I often dreamed of simpler times, but I saw the wickedness of this world and I realized I had two options: stay miserable or be the creator of my own world. I chose the latter.

I often felt like quitting, but there was something so invigorating about taking matters in your own hands, taking the reins and leading your life in whatever direction you wanted. So, I gave life another chance in the hope that I’d forget the sorrows of the past. I had to let them go. I had to set them free to set myself free.

I thought my sorrows and my bad decisions had me imprisoned, but then I realized I was the one holding on to them for I knew nothing else.

Starting over was scary. Scarier than the past which was familiar. I was used to it. But then I realized I was holding on to what I knew because I was frightened to make a change; because change felt like stepping on some unknown, untested land; it felt as uncomfortable as waking up your neighbors on a Sunday morning with a drilling machine.

So, I let it all go. Slowly. Steadily.

And it worked.

Here I am now. Independent. Unconventional. Fierce. Daring.

I create my own rules. I eat breakfast for dinner; I wear sunglasses in winter; I polish my nails with lipstick when I am in a rush because you don’t have to wait for it to dry, and I let the wind blow into my hair even though it’s freezing outside. The wind makes me smile. I feel how the cold is slowly tiptoeing to my chest and I feel how it prickles my face and it makes me feel alive.

I moved on because it wasn’t just a challenge. I moved on because I owed it to myself. I moved on because I wanted to be happy. I moved on because I had the right and because it was the time to move on already.

We cannot save the people around us – we can only help them get through a situation by offering them our support and our understanding. We cannot be the doers and the makers of their lives. We cannot be their heroes and we cannot be those that lift them up.

You have one responsibility–to save yourself. Saving others will make you feel good about yourself, but it won’t solve your problems. It won’t make others feel good about themselves either. It is why you can only be there for someone through tough times, but you cannot fight their battles. We all learn through our own pain and through our own mistakes.

You have only one battle: saving yourself while trying to be better every day as you move forward. Putting someone in a safe bubble and protecting them from the cruelty of this world is acceptable for children only. Eventually, we all have to go through the downs in life.

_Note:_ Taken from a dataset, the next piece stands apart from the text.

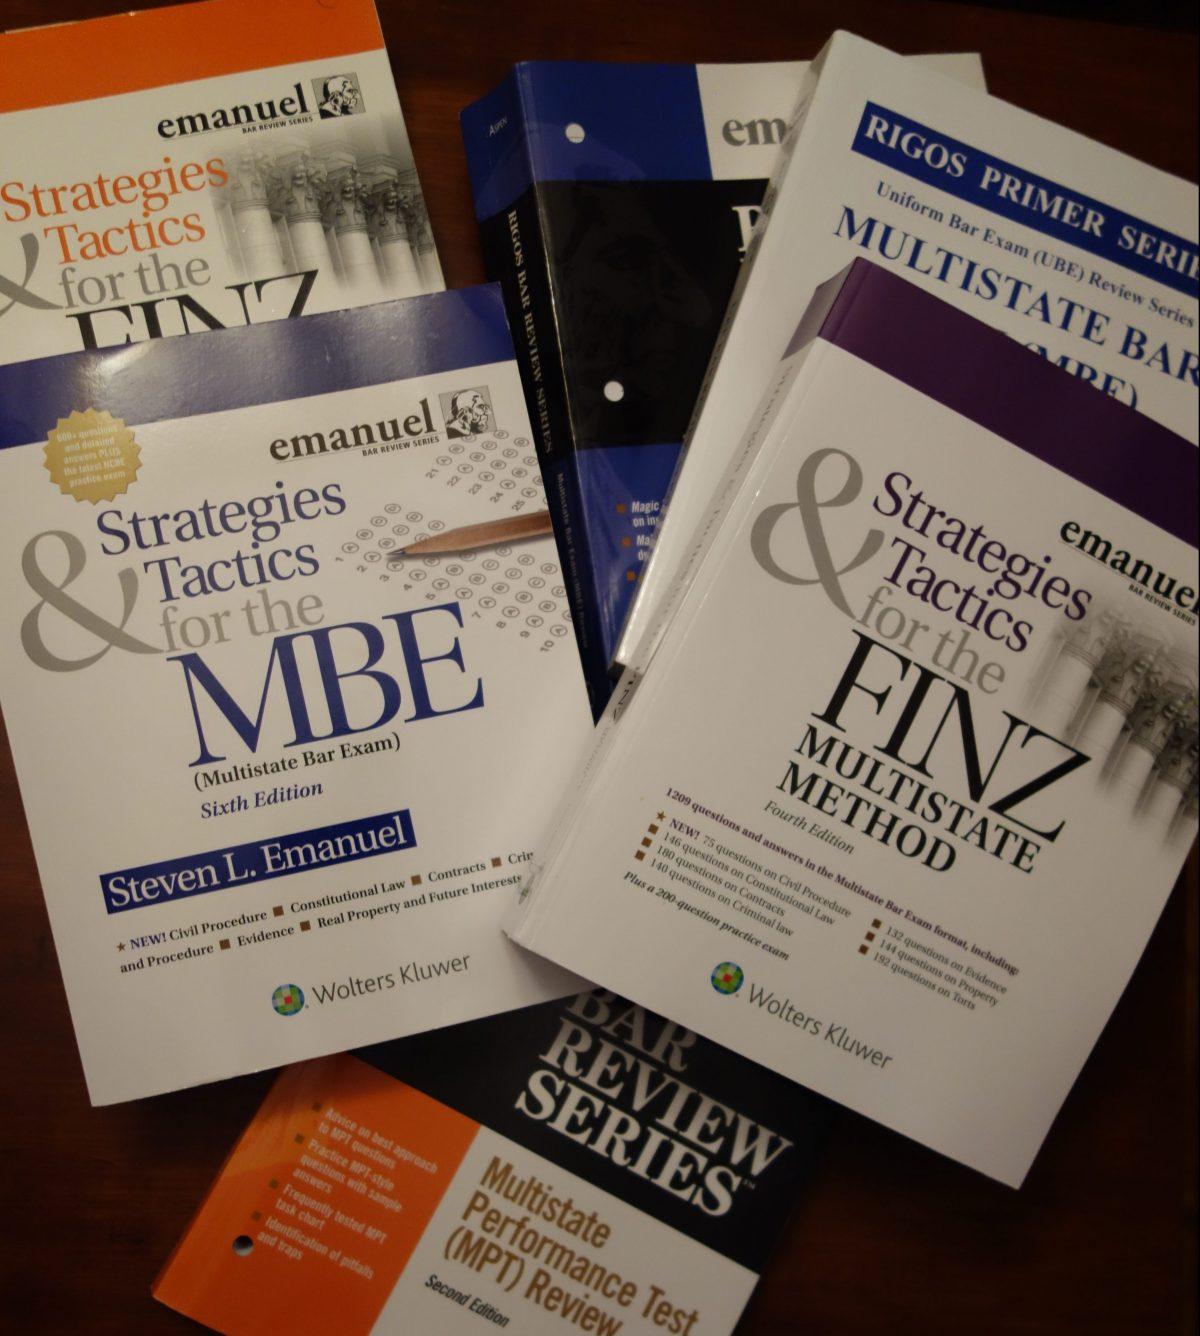 Bar Exam Preparation Materials – Advice from The Bar Professor

Do you know what’s so good about the downs in life? The pain.

Pain forms you. Don’t quit because of the pain, on the contrary, look pain in the eyes and say: You will make me stronger, so why should I fear you?

Now go on, dare, and seize the day. Take every failure as a lesson and never stop moving forward. It is going to suck in the beginning, but it is just part of that formation process.

Make your own rules about life. Then break them if necessary.